We selected our best logistic and AFT models using a forward stepwise process given the criteria of retaining statistically significant variables (P-values from the t-test and Wald test of the individual coefficients of the logistic and AFT models respectively), minimising AIC and maximising model parsimony (i.e. when competing models were within 2 AIC of each other we selected the more parsimonious model), and conforming to the assumptions of parametric modelling. For the logistic regression we calculated the predictive ability of the best selected model using the receiver operating characteristic (ROC) area under the curve (AUC) in R using package ROCR. The AUC value indicated the ability of the model to correctly classify the observed outcomes: 0.9–1.0, excellent; 0.8 to < 0.9, good; 0.7 to < 0.8, fair; 0.6 to < 0.7, poor; 0.5 to < 0.6, fail [43]. The AFT model was validated by verifying that the residuals conformed to the parametric distribution and by using a 10-fold validation method to check model accuracy (Additional file 3).

Predicting population vulnerability to ZIKV emergence

Our best logistic regression model was used to map population vulnerability to sustained autochthonous transmission of ZIKV as the relative probability of reporting ZIKV given environmental and connectivity variables. This provides an estimate of the general vulnerability irrespective to the space-time progression of the disease and reporting biases associated with poverty. Model predictions were calculated for a hexagonal grid of the median area of Colombia municipalities (275 km2) to show population vulnerability at a homogeneous spatial scale.
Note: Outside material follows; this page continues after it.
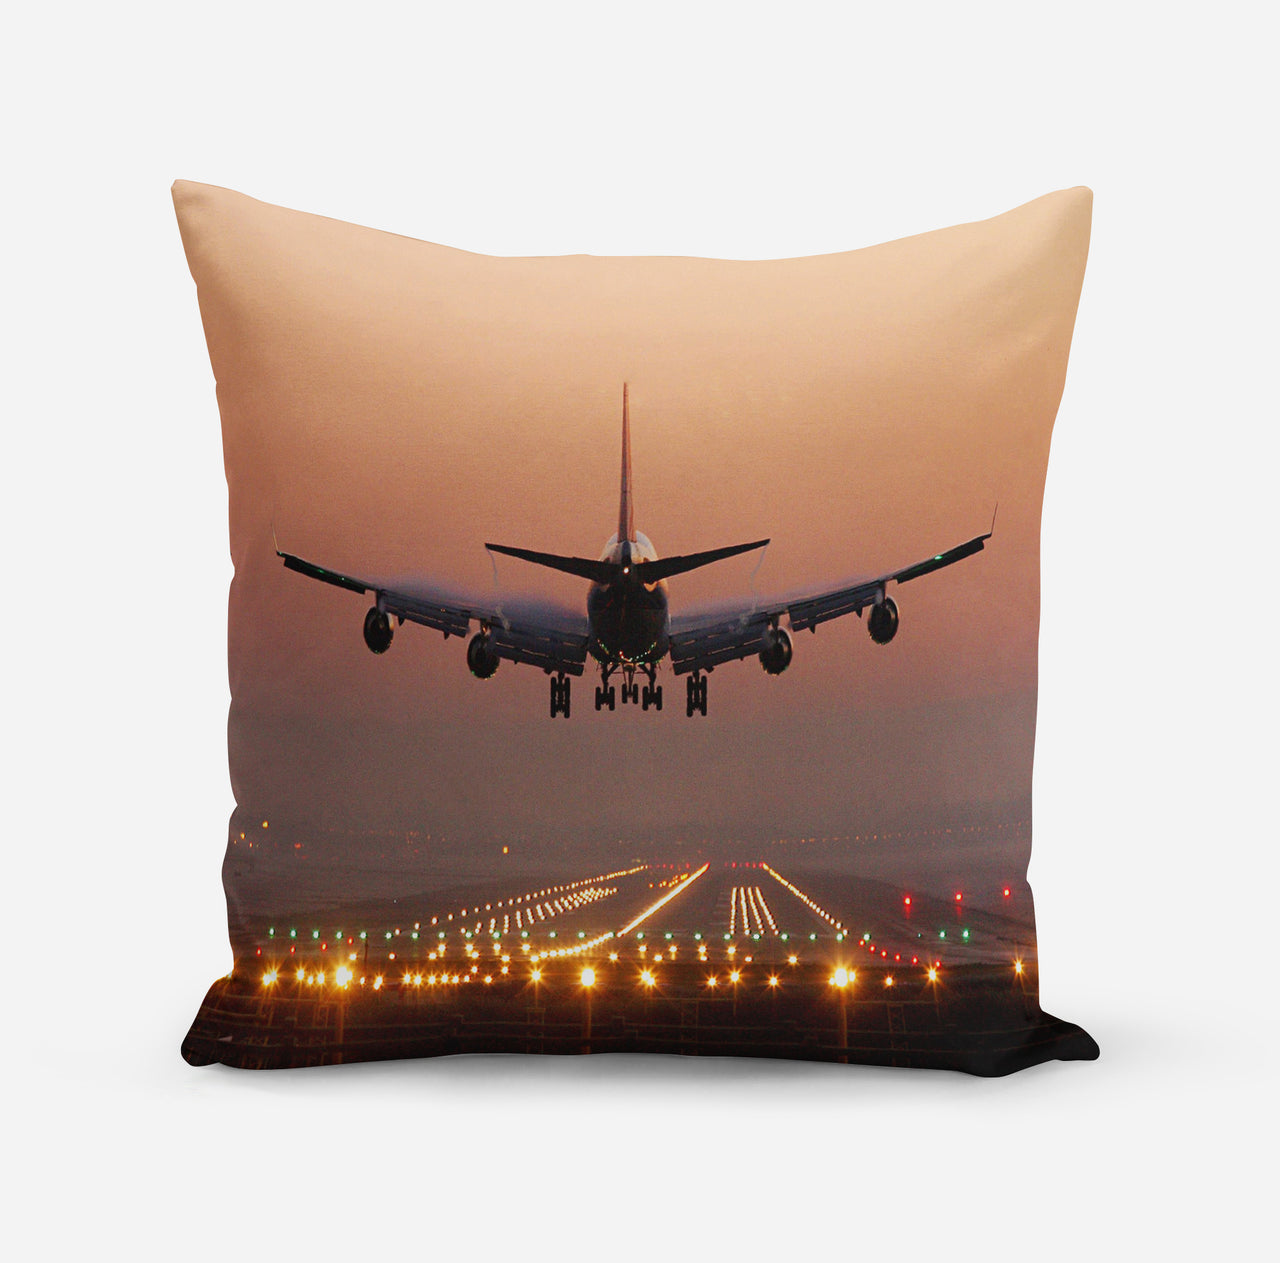 Landing Boeing 747 During Sunset Designed Pillows

ArcGIS Map v. 10.5 (www.esri.com) was used for all mapping.

To help interpret the effects of variables retained in the best AFT model on the timing of a first case of ZIKV being reported, we plotted the acceleration of time to infection over the range of variable values, while holding constant the other variables at their median value for the study period (except for the proportion of neighbouring municipalities reporting ZIKV, which we held constant at 0.5). We used the acceleration of time-to-the-event to interpret the role of the variable to accelerate or delay the timing of the first case, given the range of variable values. Variable values have an effect to increase time to the first report when the acceleration factor (AF) value is ≥ 1 and decrease time to the first report when the AF is < 1.

Results

Surveillance data

We identified three spatially distinct locations on October 24th 2015 in the municipalities of Barranquilla, Girardot and San José de Cúcuta from backtracking case reports greater than 1 on January 9th 2016 (Fig. 2). We used October 24th 2015 as the start of our study period, which aligns well with a Pan American Health Organization report suggesting that case incidence began growing exponentially by approximately week 39 (i.e. October 2015) [35]. From October 24th 2015, the number of municipalities reporting their first case increased up to a peak in January 2016, and then decreased to approximately 1–2 municipalities per week in the later epidemic phase (Fig. 3). Municipalities with early emergence dates clustered around the early case locations (Fig. 2). The west coast, central-north and south-eastern regions of the country had later emergence dates. There are also notable outliers of municipalities that were late to report (or did not report ZIKV) and were surrounded by municipalities that reported ZIKV early, such as in the northern part of the country by January 2016. Of the 1062 municipalities with surveillance data, 1019 had with complete time series of variable data available for model building. By the end of the study period 797 of 1019 municipalities (78%) had reported a first case of ZIKV.

Fig. 2
figure 2

Municipalities reporting ZIKV in Colombia in 2015 up to the end of October, November, and December, as well as January 2016. Municipalities estimated to be earliest case locations for October are outlined in red

Fig. 3
figure 3

The number of municipalities reporting their first case of Zika, per week, from October 2015 to September 2016

Factors affecting probability of ZIKV emergence

The best performing logistic regression model (Table 3) had an AUC = 0.91. The probability of reporting ZIKV increased with warmer mean study period nighttime temperatures, higher inter-municipal connectivity, an increasing proportion of neighbouring municipalities reporting ZIKV, and time. The reporting probability decreased with increasing total study period precipitation, and increasing poverty, especially in areas with lower connectivity (Additional file 3: Figure S3.1.a). See Additional file 3 for details on model output, variable effects and candidate models.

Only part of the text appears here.